– Хитро! – подхватил протодиакон. – Вся недвижимость… того… к одному наследнику отходить будет. Воистину, про Петра Алексеевича речено в Святом писании: «Довлеет дневи злоба его».
Воронов встал, с шумом отодвинув от себя стул.
– Нет, видать, недостаточно на каждый день забот у него, коли что ни час, то новые каверзы учиняет. Ежели бы довлела дневи злоба его, не искал бы он себе новых забот. А что хитёр царь, в том спору нет. Для чего он закон сей надумал? Ныне каждый высокородный боярин, самый лютый ворог Петров, уразумеет, что содеяно сие для сохранения и укрепления хозяйства и благосостояния господ высоких кровей. Как после такого закона знатные люди ликом не обратятся к нему? К прикладу, взять хоть князя Семена Щербатова. Уж на что верный царевичу был человек! А какую выкинул штуку? Не вышел ведь к протодиакону. Не пожелал слушать. Вон как.

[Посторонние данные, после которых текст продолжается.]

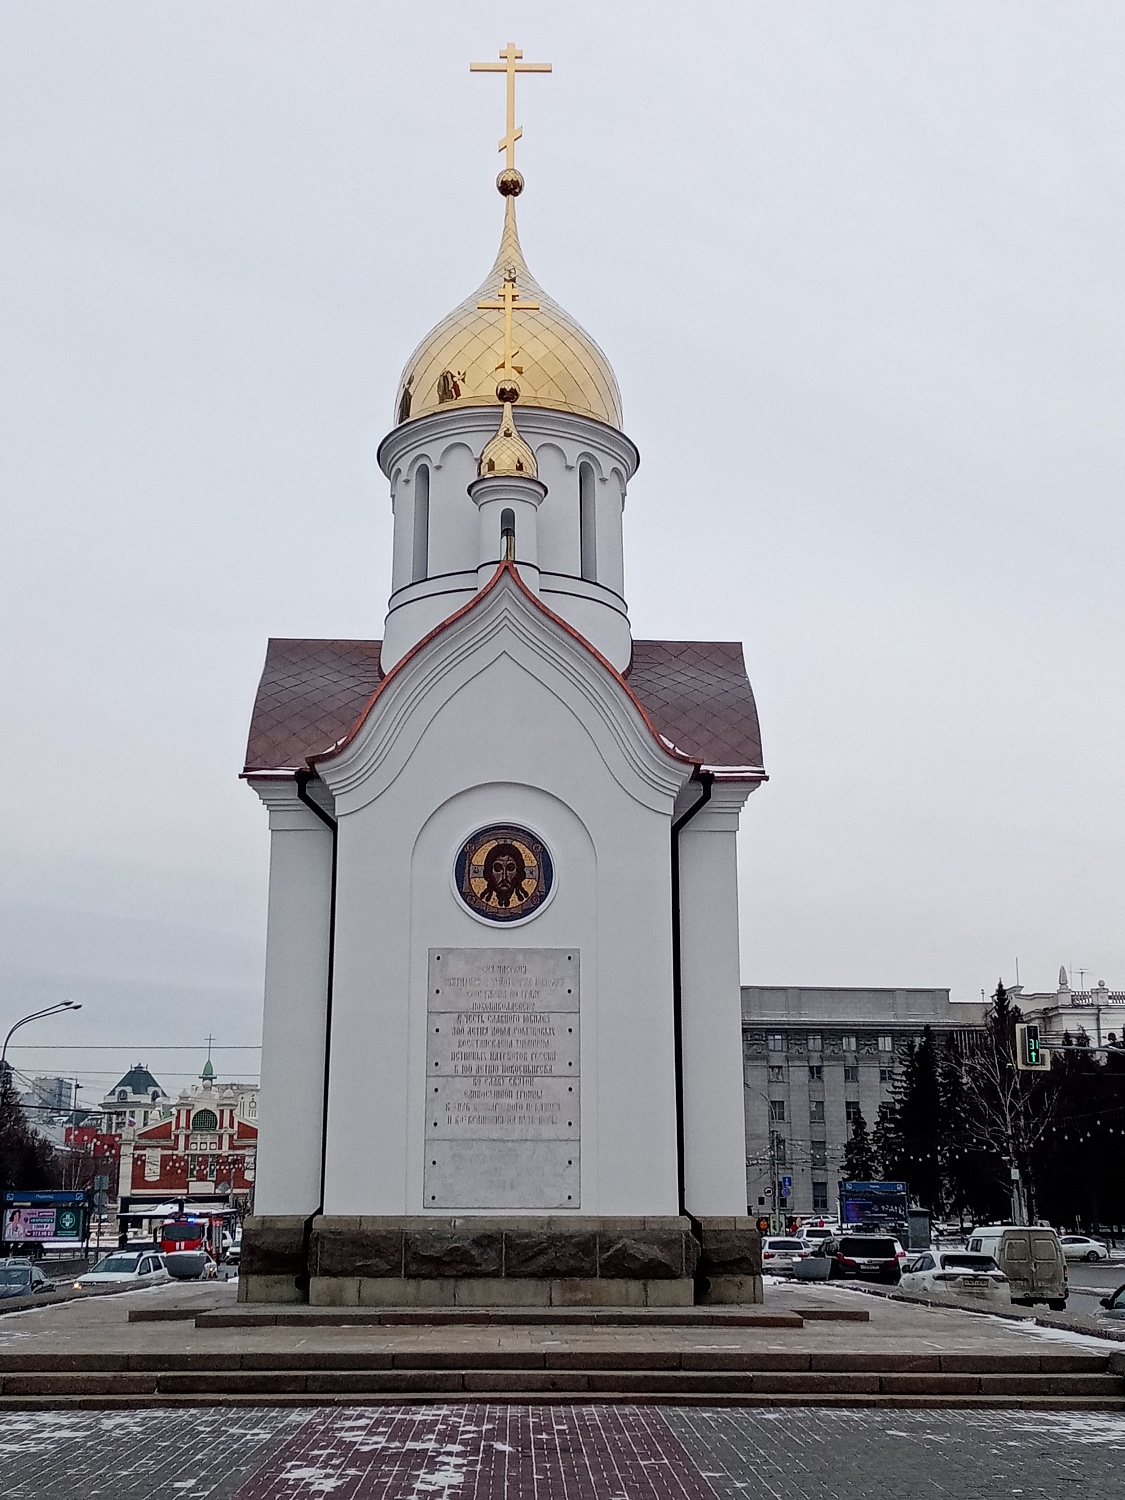 Вид часовни во имя Святителя и Чудотворца Николая на Красном проспекте г. Новосибирска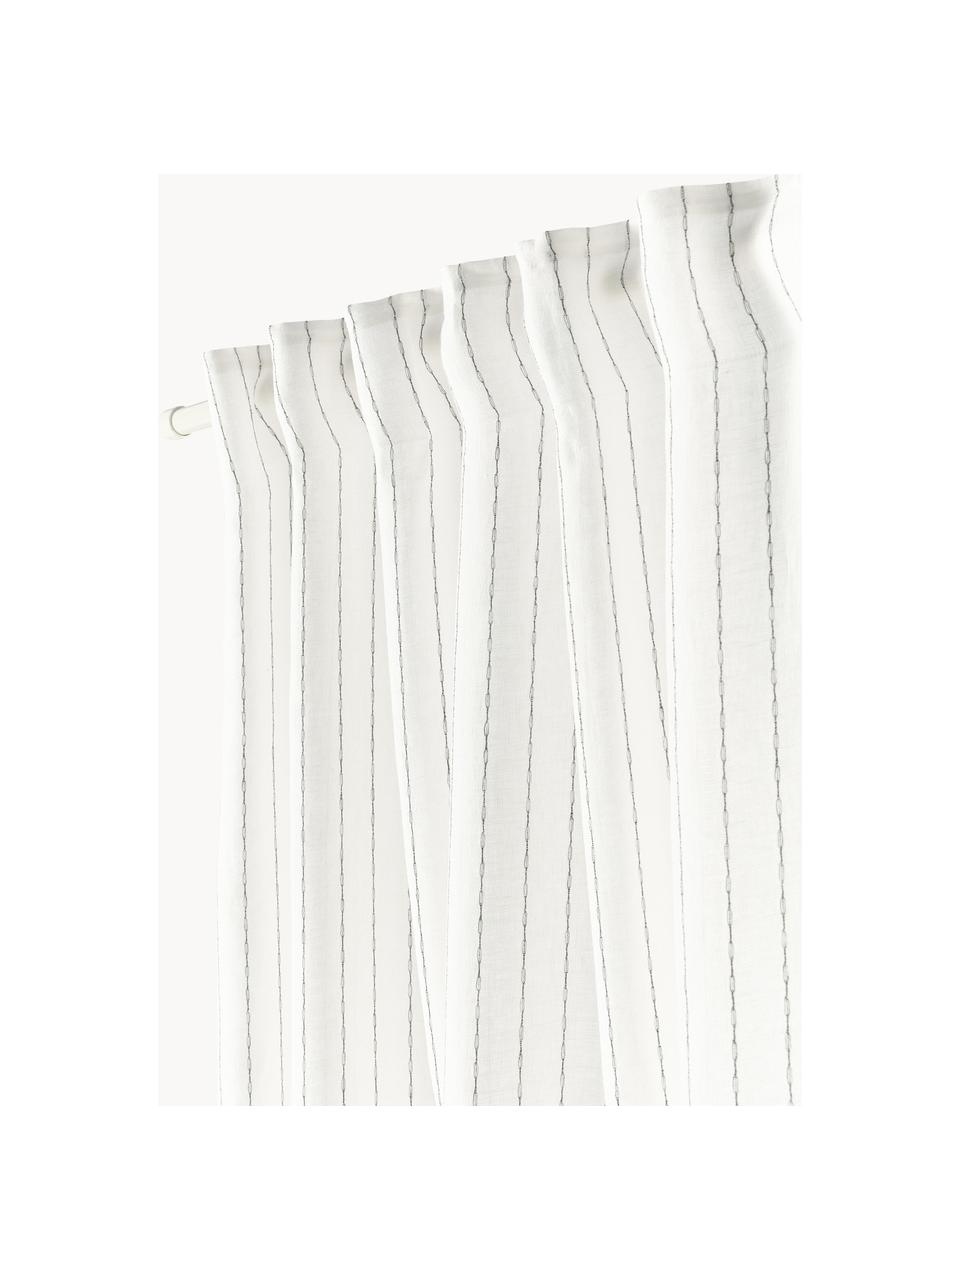 Cortinas semitransparente con multibanda Birch, 2 uds., 100% lino, Off White, An 130 x L 260 cm

Евстигней горько качал головой в лад словам Воронова, и когда тот кончил, истово перекрестился.
– Один выход у нас: добиваться веры у станичников. С ними до поры до времени быть заодно.
– Обманешь их, иродов! – возразил Лопухин. – Так они нашей дружбе и поверили.
Евстигней продолжал настаивать:
– Попытка не пытка, а спрос не беда. Пускай царевич скажет. Мы по его глаголу и сотворим.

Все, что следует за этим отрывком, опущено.